I have tried a smaller version of the same system in a 60nm box with 1.6 million particles and it runs fine with the same script on multiple nodes of CPUs (I have tried up to 10 nodes x 40 cpus). My all-atom simulations also run fine with the same cluster and submission script.

I want to know what could cause the crashes on my large system and not the smaller-sized systems?

Best,
Mohammad

Can you provide access to your tpr file? Then I can try to figure out what goes wrong.

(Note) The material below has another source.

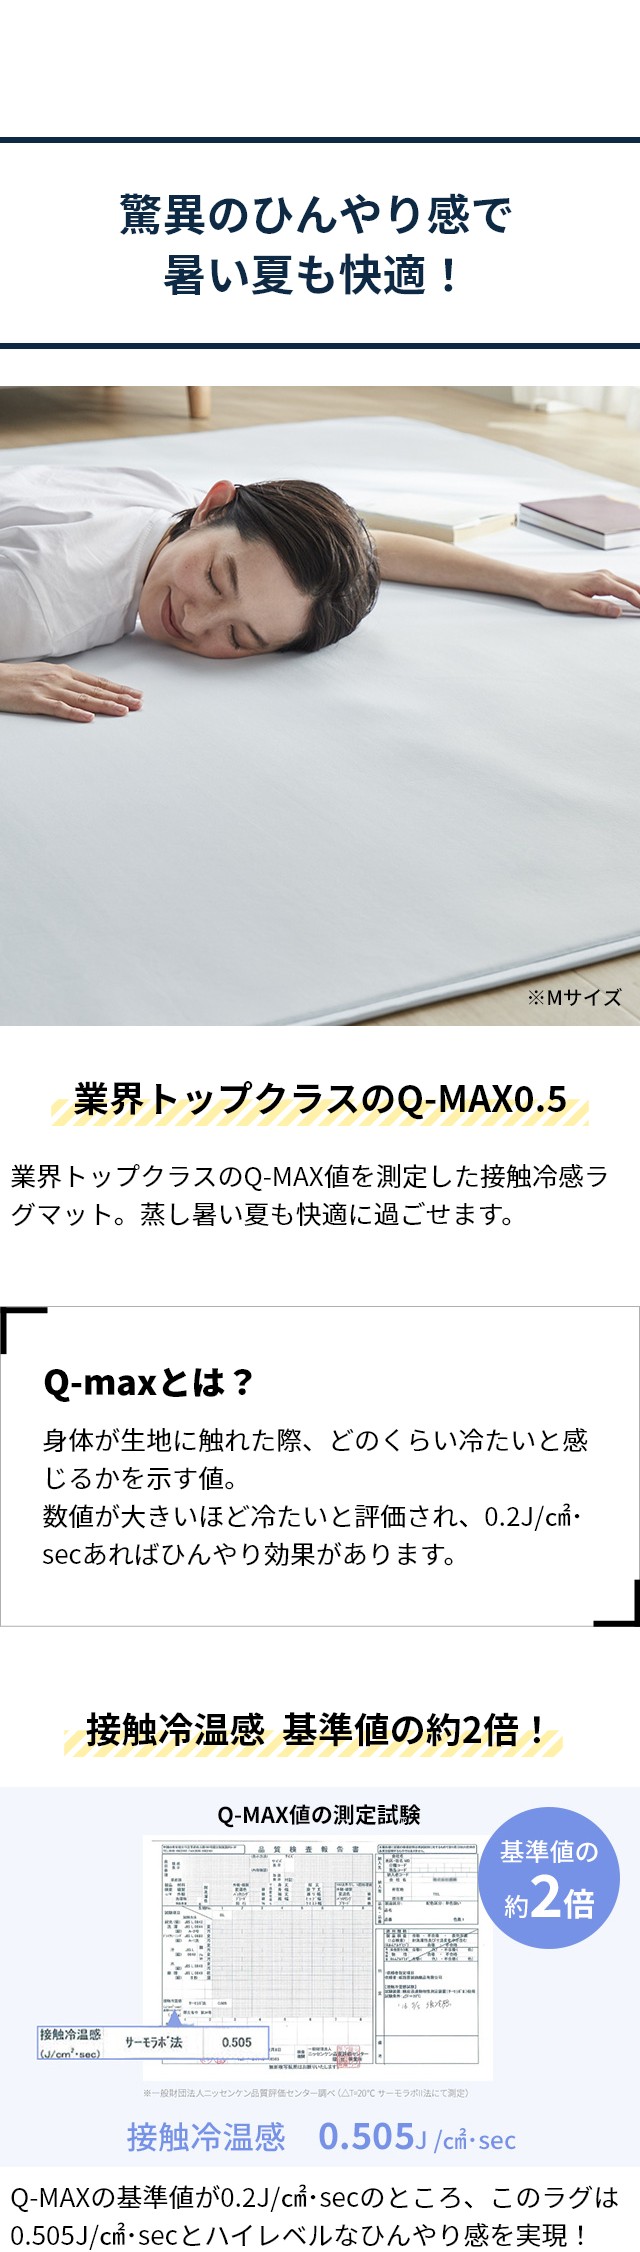 Niceday (ナイスデイ) 超ひんやり冷感 ラグマット Q-MAX0.5 Mサイズ 200×250cm

Here is the google drive link to the tpr file.
https://drive.google.com/file/d/1wZVnhrip8ybkl26yPV1LptOncKOvzyzm/view?usp=sharing
Just request the access and I will provide it for you.

Mohammad

@hess

I found and fixed the bug. The fix is up for review here:

You only need to change a few lines, so you can fix it yourself and try.

But with this fix I still can’t run your system on my machine, mdrun stops with the message “Killed” and the debugger does not give any information on what happened. This crash is unrelated to the bug I fixed. Could you check if it now works on yours system with the fix?

1 Like

I am now quite sure that mdrun gets killed on my workstation because it is using too much resources, not because of an issue in GROMACS. So this should be solved now.

Thanks @hess, it works like a charm!
Mohammad

@hess @Mohammad
I am facing a similar problem during the production step of the simulation.
The energy minimization and equilibration steps were successful.
Any help would be hugely appreciated.

Terminal shows:

Using 1 MPI thread
Using 8 OpenMP threads

starting mdrun ‘Title’
250000 steps, 1000.0 ps.

Step 0, time 0 (ps) LINCS WARNING
relative constraint deviation after LINCS:
rms 0.013830, max 0.479731 (between atoms 2137 and 2138)
bonds that rotated more than 30 degrees:
atom 1 atom 2 angle previous, current, constraint length
2074 2087 37.7 0.2508 0.1627 0.1450
2087 2088 30.5 0.1111 0.1177 0.1111
2087 2089 41.4 0.2311 0.1558 0.1400
2089 2090 41.1 0.0960 0.1088 0.0960
2136 2137 65.2 0.2186 0.1827 0.1420
2137 2138 84.6 0.1111 0.1644 0.1111
2137 2139 57.4 0.3271 0.1971 0.1456
2137 2151 67.3 0.2861 0.1886 0.1450
2151 2152 32.7 0.1111 0.1184 0.1111
2151 2153 36.0 0.1373 0.1543 0.1400
step 0
Step 1, time 0.004 (ps) LINCS WARNING
relative constraint deviation after LINCS:
rms 168882618368.000000, max 9011285983232.000000 (between atoms 2087 and 2088)
bonds that rotated more than 30 degrees:
atom 1 atom 2 angle previous, current, constraint length
2064 2067 132.2 0.1603 1.2749 0.1600
2067 2068 81.2 0.1476 5.7118 0.1440
2068 2069 86.9 0.1142 5.5788 0.1111
.
.
.
2162 2164 46.9 0.1111 0.1683 0.1111
2162 2165 39.2 0.1513 0.2036 0.1512
Wrote pdb files with previous and current coordinates
zsh: segmentation fault gmx mdrun -v -deffnm pro

This is unrelated. This is not a segmentation fault. This looks like the usual issue of an unstable initial configuration. You either need to do more energy minimization of fix clashes or incorrect conformations in your starting structure.